Why Vietnamese Arabica Is Gaining Specialty Recognition
Long overshadowed by Robusta, Vietnamese Arabica from Cau Dat and Son La is scoring 84+ on the SCA scale and turning heads at international cuppings. Here is what buyers need to know.
For decades, Vietnam has been synonymous with Robusta. The country's coffee identity was built on the massive expansion of Robusta cultivation in the Central Highlands during the 1990s, which propelled Vietnam to become the world's second-largest coffee producer. But a quiet revolution has been unfolding in the country's Arabica-growing regions. Vietnamese Arabica, cultivated at 1,200-1,600 meters in Lam Dong Province (notably the Cau Dat plateau near Da Lat) and the northwestern highlands of Son La Province, is achieving cupping scores that place it firmly in the specialty category — and international buyers are taking notice.
The numbers tell the story. At the 2025 Vietnam Specialty Coffee Competition organized by the Vietnam Coffee Coordination Board (VCCB), the winning lot — a washed Catimor from Cau Dat — scored 87.5 on the SCA cupping scale. The top 20 lots averaged 84.2 points, with flavor profiles featuring stone fruit, dark chocolate, honey sweetness, and a clean, medium acidity that distinguishes Vietnamese Arabica from the brighter, more citric profiles of East African and Central American origins. These scores are competitive with recognized specialty origins like Colombia, Guatemala, and Kenya.
Several factors are converging to drive this quality improvement. First, the Vietnamese government's variety diversification program has introduced Typica, Bourbon, and SL28 cultivars alongside the traditional Catimor, which was selected in the 1990s primarily for its disease resistance and yield rather than cup quality. Second, processing innovation — particularly honey processing and natural processing — is expanding the flavor repertoire of Vietnamese Arabica beyond the clean but sometimes flat profile of fully washed Catimor. Third, a new generation of Vietnamese coffee producers, many trained through programs like Coffee Quality Institute courses and Specialty Coffee Association workshops, is approaching Arabica cultivation with the precision and attention to post-harvest processing that specialty markets demand.

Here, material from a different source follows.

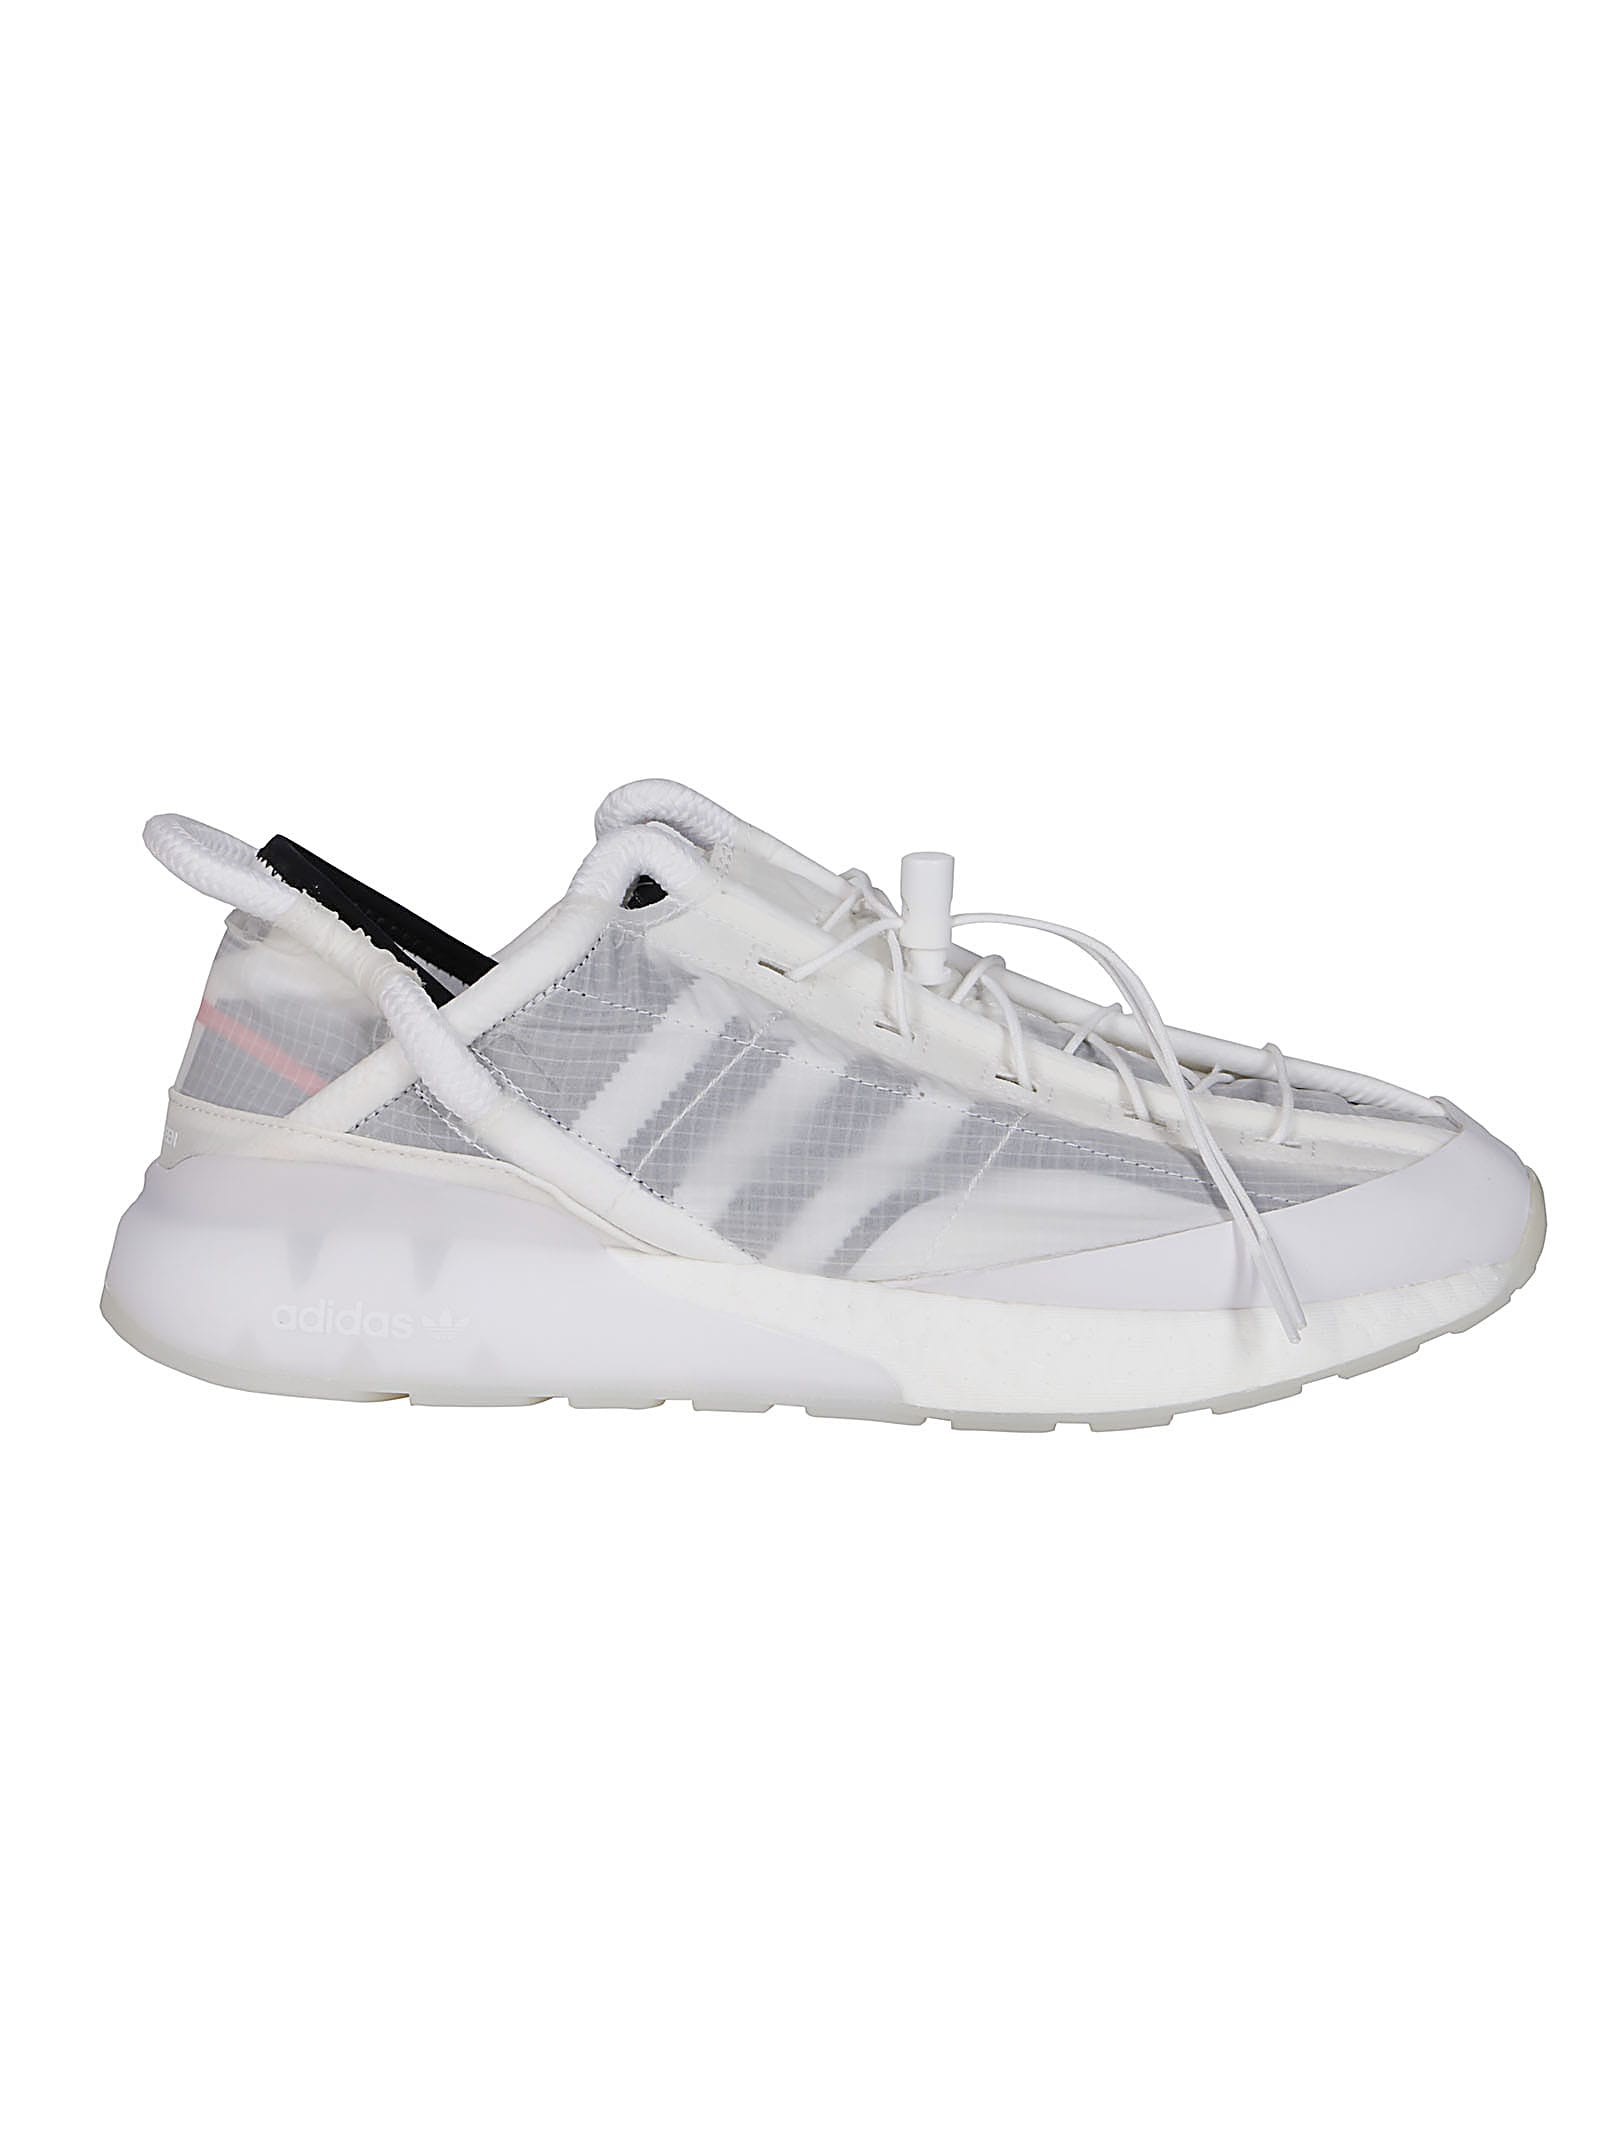 Adidas Originals White And Grey Nylon Zx 2k Phormar Sneakers

VCG's Arabica sourcing program currently works with 80 farms in Cau Dat and Son La, purchasing cherry at a premium of 25-40% above local market prices in exchange for strict quality protocols: selective picking of only fully ripe cherry, delivery to processing stations within 6 hours of harvest, and adherence to VCG's processing specifications. Our new Binh Duong processing line is configured specifically to handle the smaller volumes and more delicate processing requirements of specialty Arabica, with separate milling, sorting, and roasting equipment dedicated to Arabica production.
For international buyers, Vietnamese Arabica offers a compelling combination of specialty quality, competitive pricing, and reliable supply. FOB Ho Chi Minh City pricing for specialty-grade (84+ points) Vietnamese Arabica ranges from $4,500-5,200 per metric ton — a significant discount to comparably scored lots from Colombia ($6,000-7,500) or Ethiopia ($5,800-7,000). As cold brew, filter coffee, and single-origin espresso continue to grow in Asian and European markets, VCG expects demand for Vietnamese specialty Arabica to double by 2028. The world is discovering what we have long known: Vietnamese coffee has far more to offer than Robusta alone.